Os centros de triagem e reabilitação de animais silvestres (Cetras) também utilizam do condicionamento durante a permanência dos animais em suas unidades. Apesar de causar estranheza em muitas pessoas, esse uso é viável e deve ser estimulado, não sendo restrito somente às instituições em que os animais sejam residentes permanentes.
É importante entender que o condicionamento não é uma domesticação. São técnicas utilizadas para que o animal apresente um comportamento desejável para facilitar o manejo, a rotina e a reabilitação.
Um ponto importante dentro dos Cetras é a triagem e a avaliação de animais que possuem chance de retorno à natureza e daqueles que não apresentam mais esse perfil. O condicionamento de determinado animal vai ser estruturado e planejado de acordo com o perfil apresentado e, por consequência, a destinação daquele indivíduo. Para isso, os Cetras possuem requisitos que definem e estabelecem quais animais possuem chance de retorno ao ambiente silvestre e quais necessitam ser encaminhados a mantenedores de fauna.
Dessa forma, animais cujo perfil seja a destinação para cativeiros terão seu condicionamento planejado para algo que permita melhorar a vida do animal no contexto do cativeiro. Um exemplo é permitir a aproximação e apresentação de um membro para realização do toque, seja para retirada de amostra de sangue, avaliação física ou troca de curativo, como podemos ver nas imagens a seguir.
Cabe ressaltar que, nesse tipo de situação. o condicionamento permite uma aproximação maior com o ser humano, tendo em vista que serão animais cativos e que necessitam de mais avaliações, intervenções e manejo humano durante sua vida.
O condicionamento realizado com o bicho-preguiça permitiu que a ação da troca de curativo, que poderia ser algo extremamente estressante, ocorresse da maneira mais simples e com menor impacto ao bem-estar do animal. Como era uma situação de longa duração, pois a cicatrização do caso exigia tempo, se fosse feita a contenção do animal todo dia ou até mesmo fossem usados anestésicos, a chance de causar estresse no animal era maior. Com o condicionamento, ele deu acesso ao braço para realizar a troca de curativo de maneira segura para ambos, com menor estresse, o que contribuiu para a reabilitação do espécime.

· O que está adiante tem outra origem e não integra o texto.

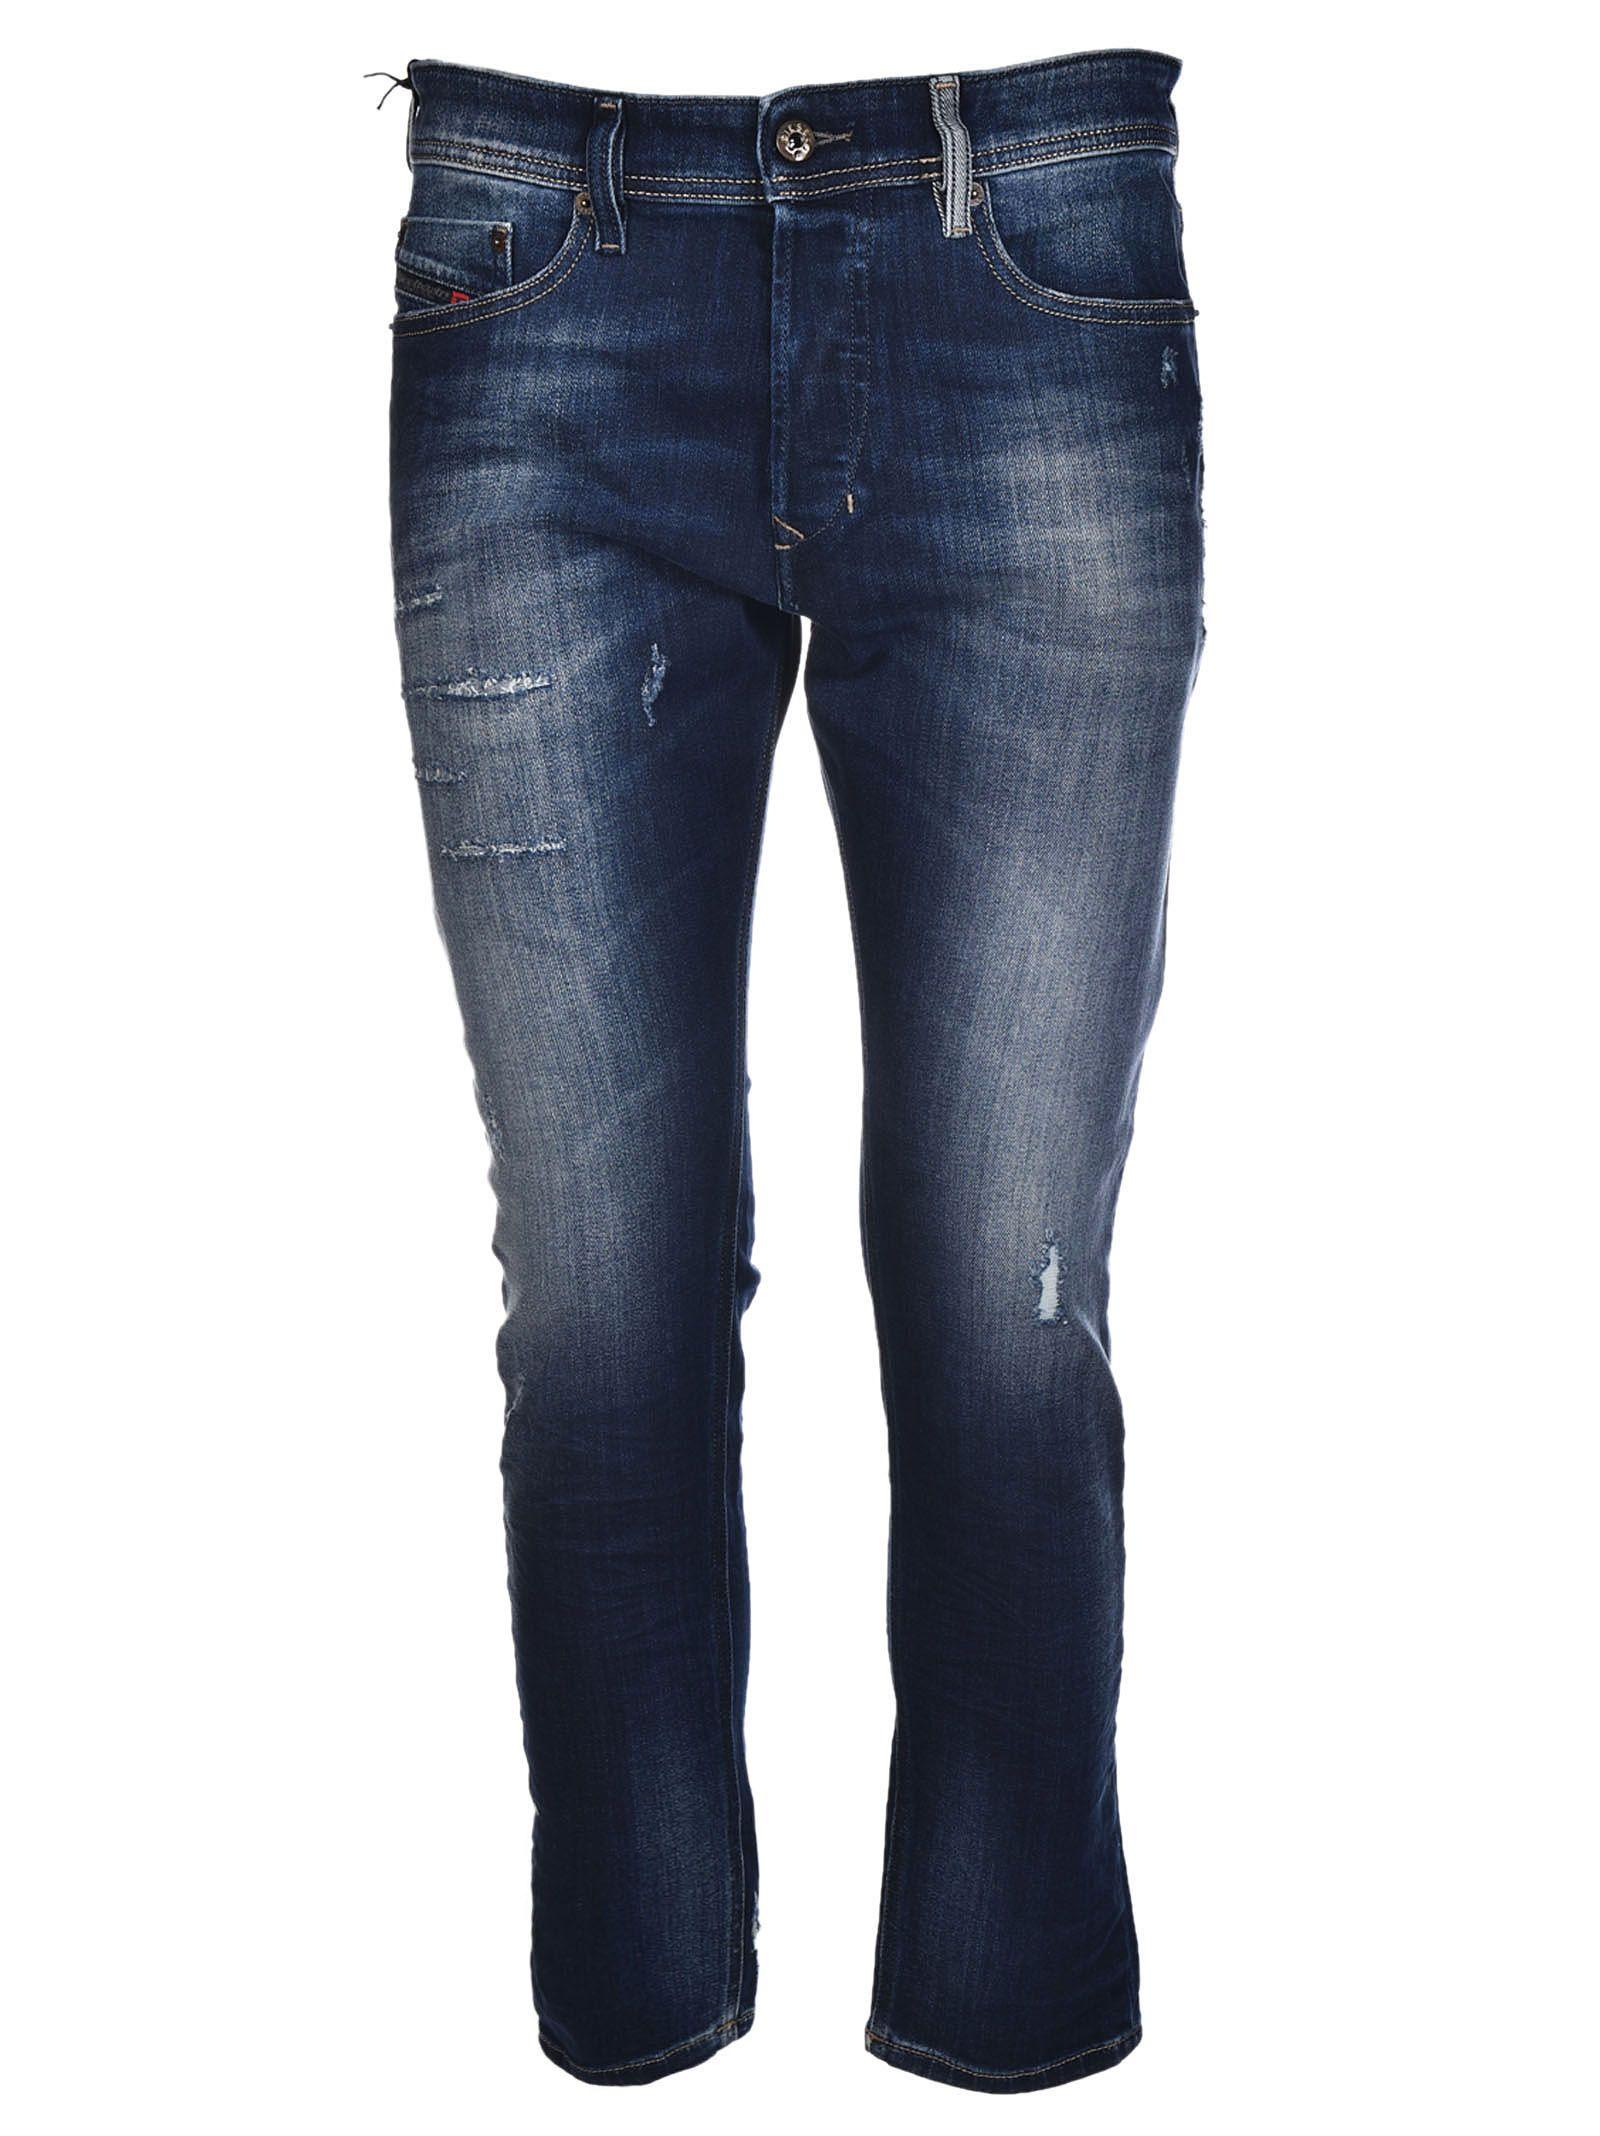 a3c1c9b6 Diesel Diesel Distressed Jeans - Blue - 8304417 | italist

Nos casos em que as sequelas do ferimento não sejam impeditivas para o retorno do animal ao ambiente silvestre, depois da recuperação total um condicionamento voltado para distanciar o animal da presença humana deve ser realizado. Por isso é importante acompanhar o animal na chegada, durante o tratamento e depois para avaliação e adequação do condicionamento de acordo com a necessidade que o caso e o espécime exijam.

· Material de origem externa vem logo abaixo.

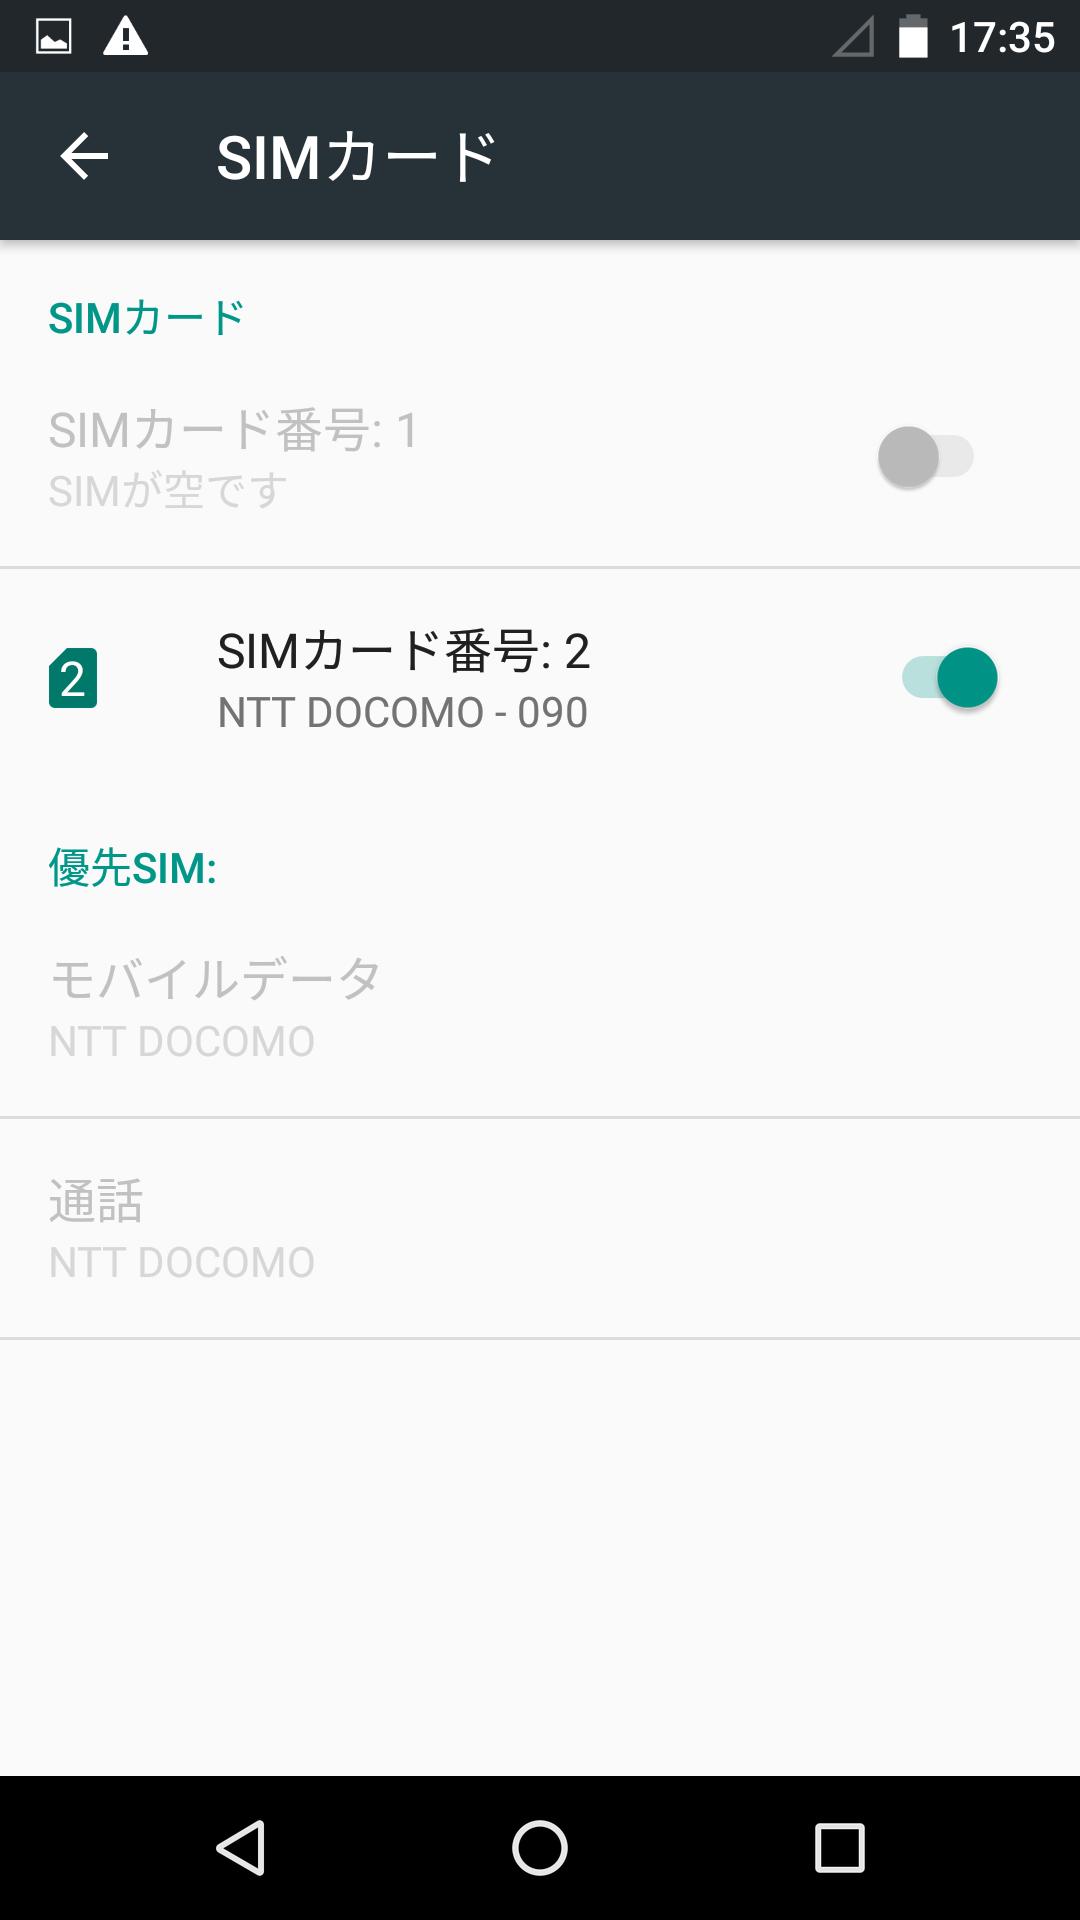 002_SIMスロット2でFOMASIM単体で挿した場合

Animais cujo perfil apresentam a possibilidade de soltura como destinação final têm seu condicionamento planejado para a manifestação de comportamentos desejáveis à soltura, como busca de abrigo, reconhecimento de ameaças, reconhecimento de presas e desenvolvimento de habilidades necessárias para a sobrevivência no ambiente silvestre.
Um animal cativo também deverá ser estimulado a apresentar seus comportamentos naturais como, por exemplo, a caça, que pode ser feito através de enriquecimentos ambientais. Porém, em cativeiro, saber caçar não será uma questão de sobrevivência quando comparado a um animal que será devolvido a natureza e não tem sua dieta garantida, como os cativos. Por isso, é importante planejar um condicionamento com sua frequência de acordo com a necessidade que a destinação exigirá ao espécime.

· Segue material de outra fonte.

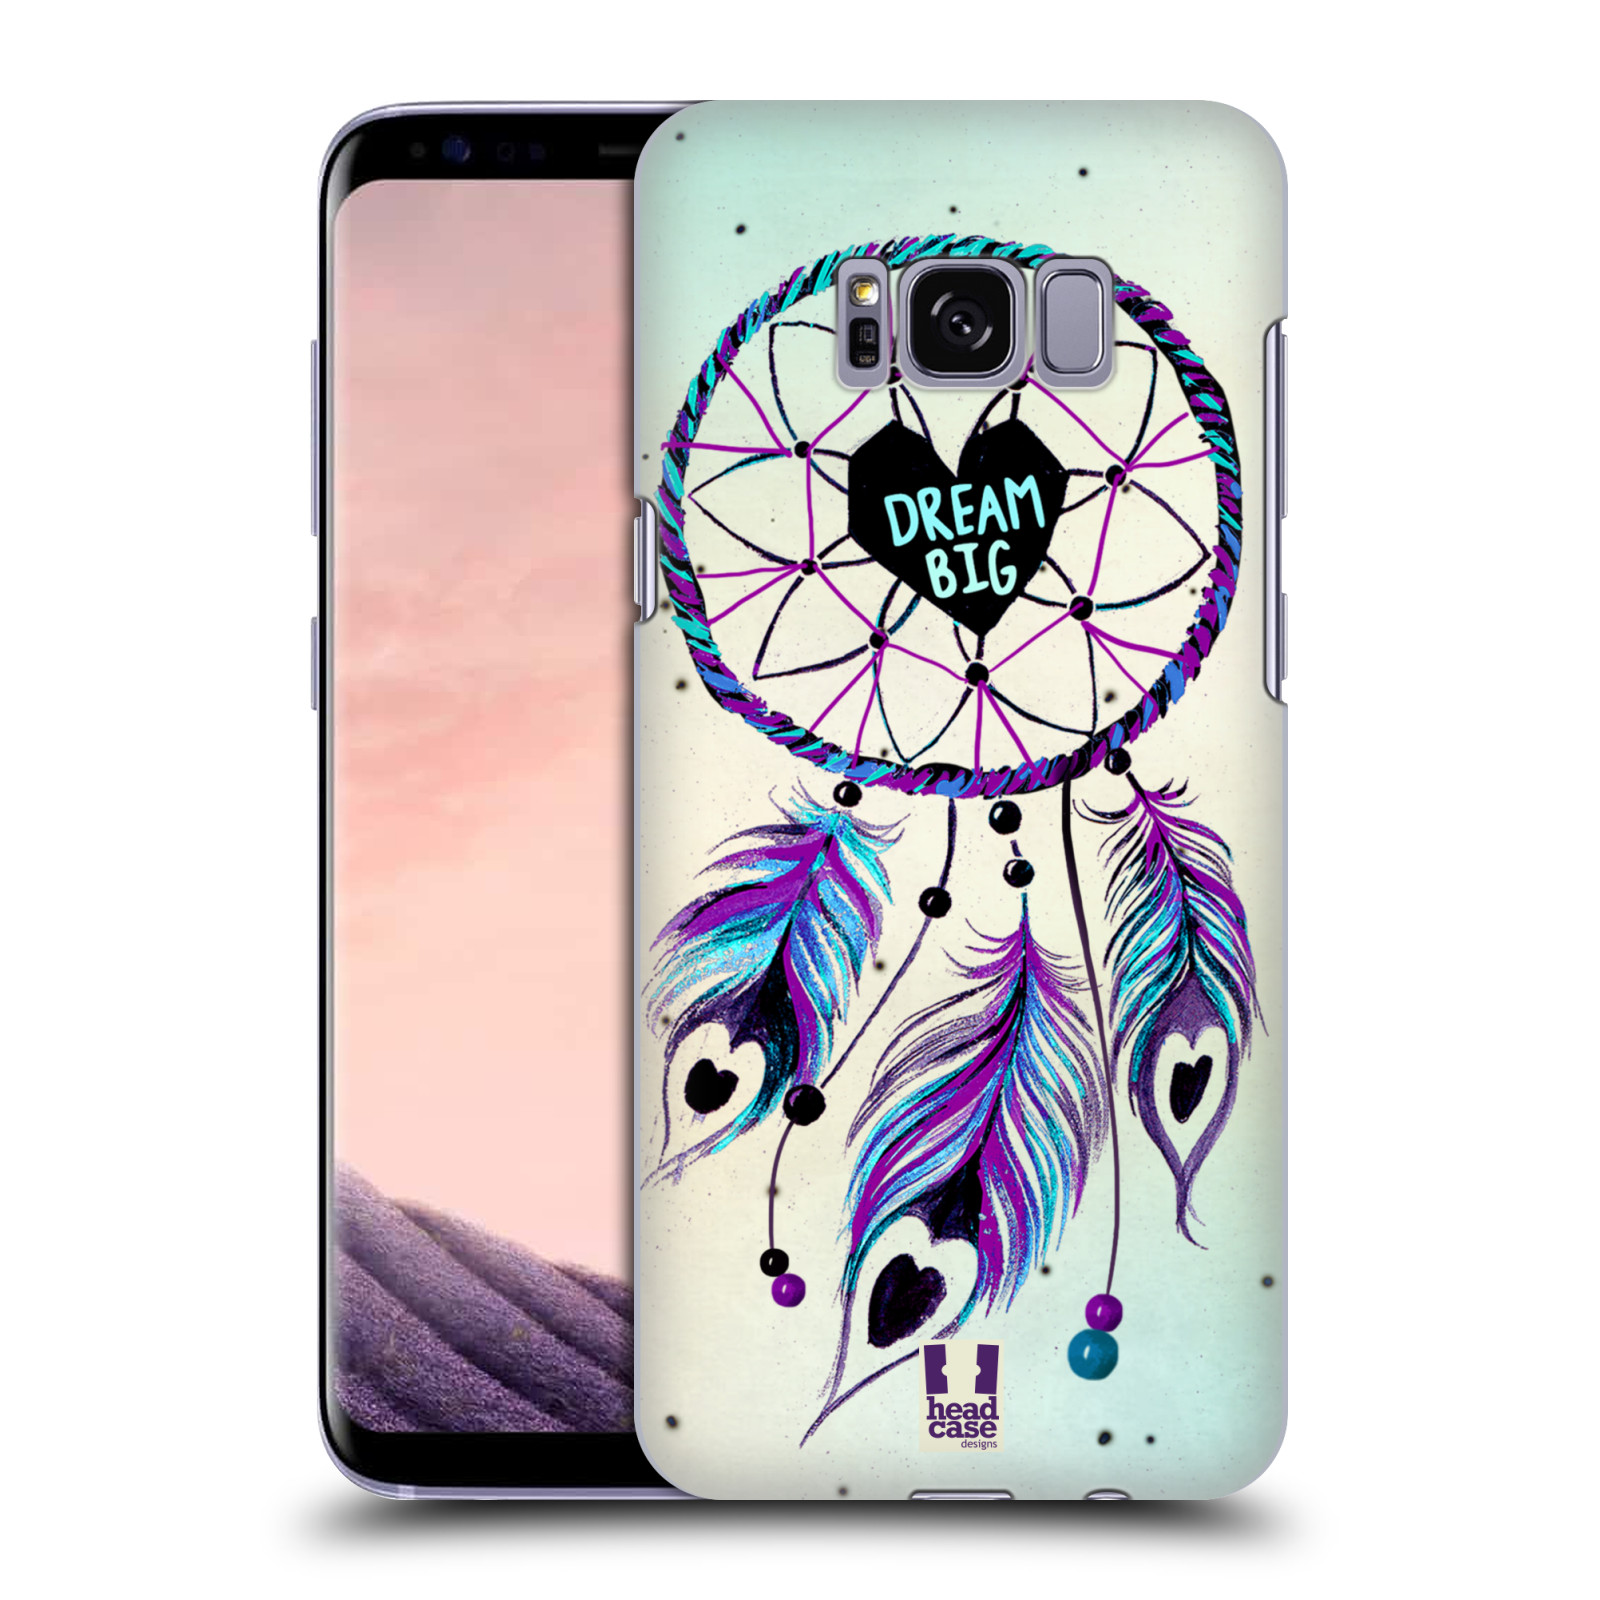 Plastové pouzdro na mobil Samsung Galaxy S8 Head Case Lapač Assorted Dream Big Srdce

Há condicionamentos que são mistos, pois são utilizados em ambos os perfis, porém com frequências diferentes. É o caso da pesagem dos animais (imagem do alto da página), cujo acompanhamento faz parte da avaliação do desenvolvimento do animal.
Há condicionamentos cujo objetivo são voltados para melhorar qualidade do transporte do animal, como a entrada nas caixas de transporte e a hidratação durante o percurso.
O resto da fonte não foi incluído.